The net result is most likely an underestimate (as the article describes --
the situation in Northern Italy pretty much assures this must be the case, at
least there)

Examples of overestimate: So, the first COVID "caused" death in Pennsylvania
was a fellow in Allentown who fell and hit his head. He died of head trauma.
He had been diagnosed with COVID. He was counted as the first COVID death in
the state.
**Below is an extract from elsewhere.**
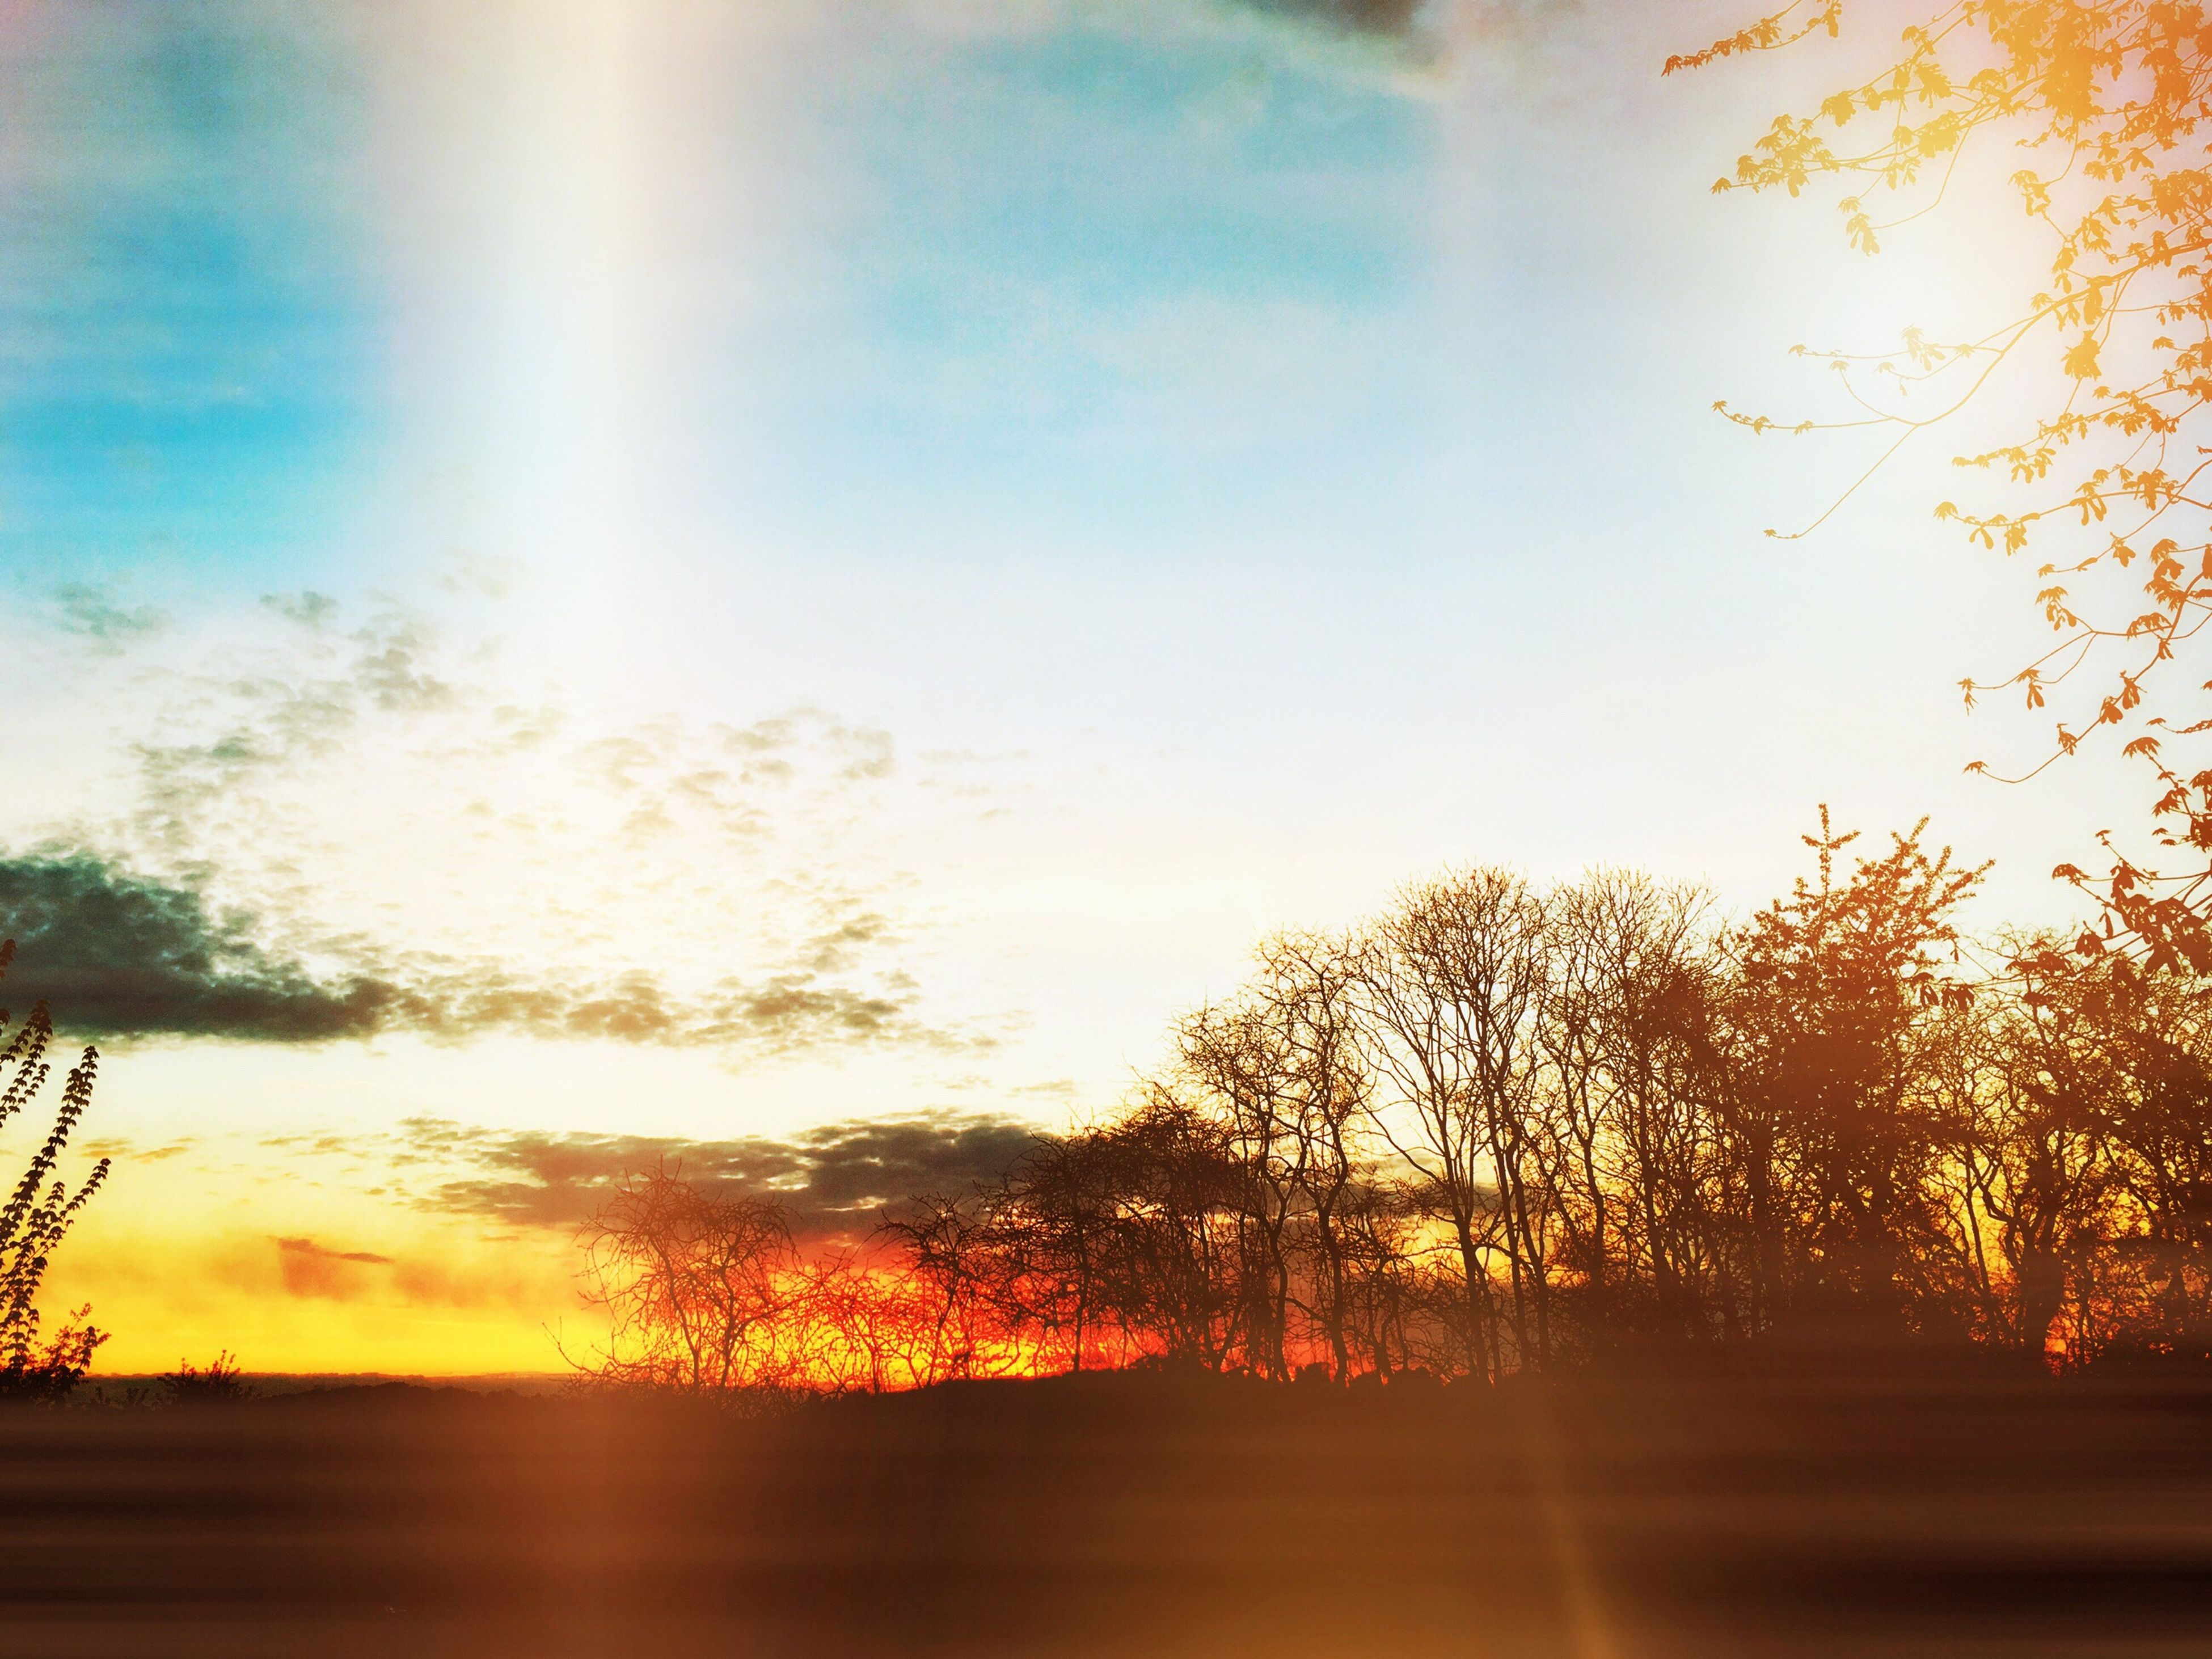 sunset, sun, tree, tranquil scene, tranquility, scenics, sky, beauty in nature, silhouette, nature, orange color, idyllic, sunlight, sunbeam, cloud - sky, lens flare, growth, landscape, cloud, back lit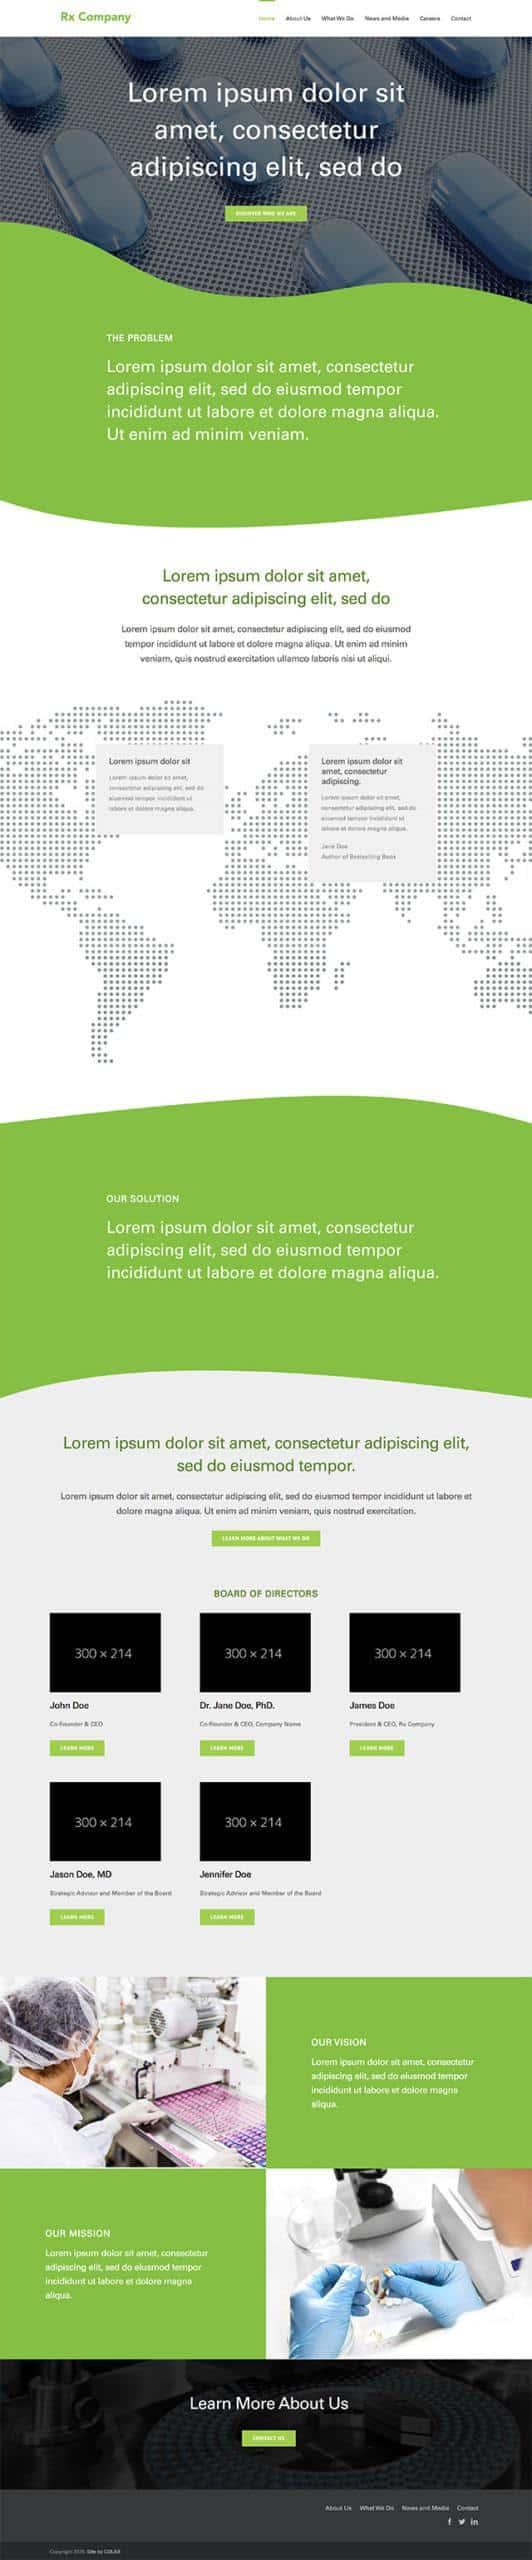 Rx Company Homepage

There are certainly hundreds of cases like this, where someone died
with COVID but clearly not _from_ COVID.

On the other hand, the underestimate: Everywhere that is having COVID problems
is also having unseasonably high "pneumonia and influenza" death rates. (In
the U.S., for example, we're running about 0.5 above seasonal baseline (that
is to say, about 1 in 200 deaths "too many" are being caused by "pneumonia or
influenza") as of 2 weeks ago.

In Northern Italy, as the article points out, all-cause mortality suggests
that almost half of the COVID deaths are going recorded as non-COVID. This
will surely include COVID-influenced non-disease deaths (like someone who dies
of a car crash or heart attack that would have survived, except that the
healthcare system is swamped and they got no treatment -- apparently the
ambulance system is sufficiently overstretched that if you're over 85, the
ambulance just won't come for you at all) Those aren't COVID deaths, and they
aren't counted -- but they're deaths that wouldn't have happened otherwise.

It's all a tangled mess.

We're also definitely terribly underestimating the number of COVID cases. It
is certainly the fact that, in hard-hit areas, we're detecting less than 1
case in 3. Quite possibly worse even than 1 in 10. (but we won't know for sure
for a long time, if we ever do).

The WSJ article covering the same ground cited experts estimating the true
number of cases as anywhere from about 400,000 to 6,000,000.